The bank said it was fully aware of how grants and cheap funds could help in the financial intermediation efforts and rural financial inclusion agenda of the country.

Other interests

Mr Awuah announced three pursuits that the bank had commenced that were almost yielding results.

The first is a US$40 million co-financing facility from the International Fund for Agricultural Development (IFAD), for which IFAD had secured funding from the Green Climate Fund to be disbursed at affordable interest rates to smallholder farmers.

He said it was is to encourage adaptation and climate mitigation practices.

Under the arrangement, the bank was required to provide a co-financing support of US$2.5 million.

The second according to the MD was a US$10 million facility from the ECOWAS Bank for International Development (EBID), on which work had progressed very fast.

He said the bank had submitted the required documentation and awaiting possible disbursement of the facility by December this year.

And additionally, it had signed a Memorandum of Understanding (MoU) with the Ministry of Finance to access a US$4 million funding facility from the African Development Bank (AfDB) to lend at concessionary rates to support RCBs’ clients under the Social Investment Fund (SIF) umbrella.

Global economy

The Chairman of the Board of Directors of the ARB Apex Bank, Dr. Anthony Kwesi Aubynn, said developments in the global economy showed a steady economic recovery from the pandemic effects since the last quarter of 2021.

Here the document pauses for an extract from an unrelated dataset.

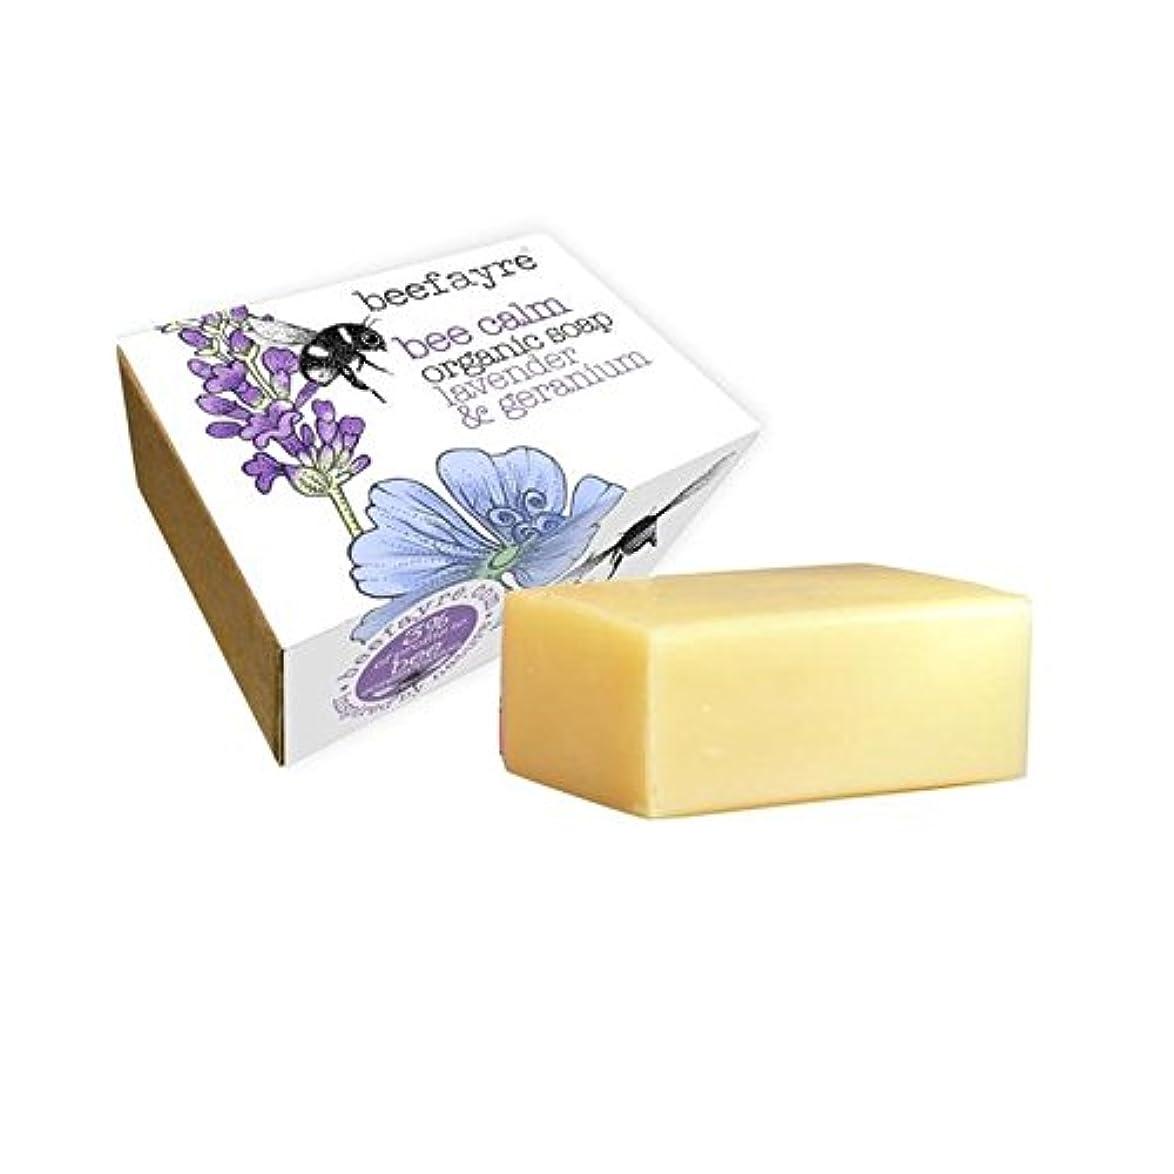 ピンポイント安価な緊急Beefayre Organic Geranium & Lavender Soap (Pack of 6) - 有機ゼラニウム&ラベンダー石鹸 x6 [並行輸入品]

He mentioned that there remained profound uncertainty and fragility in the world economy, which has been exacerbated by the geopolitical developments in Europe that had led to the Russia-Ukraine War.

“These challenges are expected to weigh on global growth in the near term. The updated World Economic Outlook report by the IMF projects a decline in global growth from 5.9 per cent in 2021 to 4.4 per cent in 2022,” he said.

Performance

Dr. Aubynn said the performance of the banking sector in 2021 pointed to sustained growth in assets, deposits, and investments alongside improvements in the financial soundness indicators.

Presenting his report, he said in the year under review, total assets of the bank grew by 20.4 per cent to GH¢179.8 billion as at December 2021.

Asset quality, however, continued to reflect the general pandemic-induced repayment challenges as well as some bank-specific loan recovery challenges.

“From the peak of 17.3 per cent in August 2021, the NPL ratio eased further to 15.2 per cent at end-December 2021. Comparatively, the NPL ratio was 14.8 per cent in December 2020.

“The industry remained solvent with the average industry CAR of 19.6 per cent well above the 11.5 per cent regulatory minimum threshold. Core liquid assets to short-term liabilities was 25.9 per cent in December 2021 compared with 27.8 percent a year ago”.

Locked up funds

Dr. Aubynn said as reported last year, rural banks still have significant amounts of money locked up with some Securities and Exchange Commission (SEC) regulated institutions, a situation which continues to have a great toll on the industry.

He assured that the ARB Apex Bank will continue to engage the regulators to salvage as much of the funds as possible, to improve the liquidity position of the industry.

Capital 

He said the bank’s paid-up capital remained at GH¢9.2 million as at December 2021, which was woefully inadequate for the smooth operations of the bank due to single obligor limits.

According to him, the new strategy of the bank was to raise at least GHS5 million annually from the RCBs for the next five years to boost the capital base of the Bank.